Et il ajouta, après un instant de silence :

— Plus je pense à cet homme, plus j’ai pitié de lui ! Je ne voulais pas qu’on le tuât, non, je ne le voulais pas !

— Assez là-dessus, André ! dit Pavel avec fermeté.

La mère ajouta à voix basse :

— On a heurté du pied un tronc pourri, et il est tombé en poussière !

— C’est vrai, mais ce n’est pas consolant ! répondit tristement le Petit-Russien.

Il répétait souvent ces paroles, qui prenaient dans sa bouche un sens amer et caustique…

…Il vint enfin ce jour si impatiemment attendu… le Premier Mai…

Comme toujours, la sirène se mit à rugir avec autorité.
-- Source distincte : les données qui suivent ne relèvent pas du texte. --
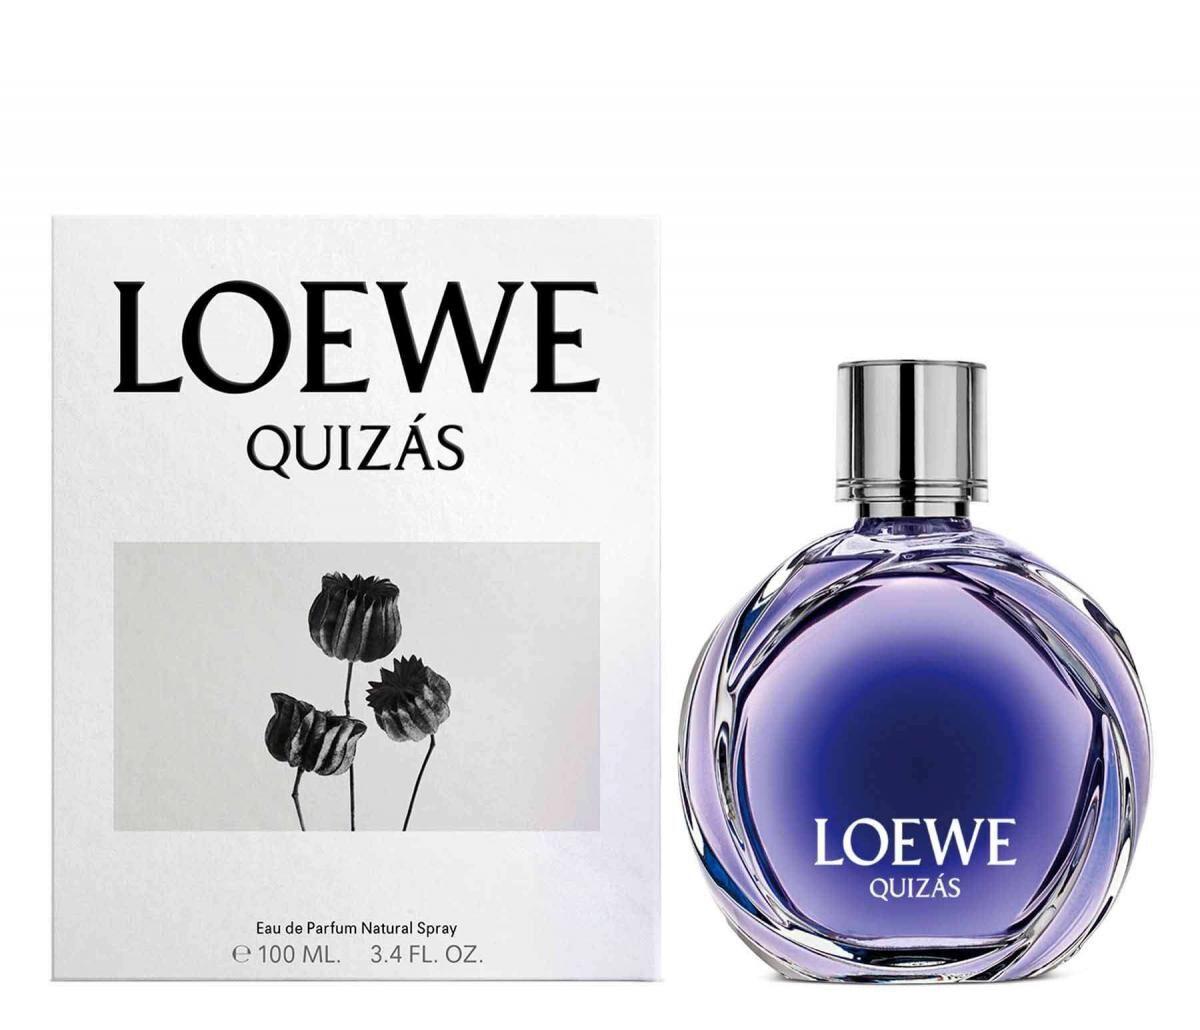 Парфюмерная вода 100 мл Loewe Quizas Eau de Parfum

La mère, qui n’avait pu fermer l’œil de toute la huit, sauta à bas de son lit ; elle alluma le samovar préparé la veille, et allait frapper à la porte des deux amis, comme d’habitude ; mais elle réfléchit, laissa retomber le bras et s’assit près de la fenêtre, appuyant sa joue sur sa main, comme si elle eût mal aux dents.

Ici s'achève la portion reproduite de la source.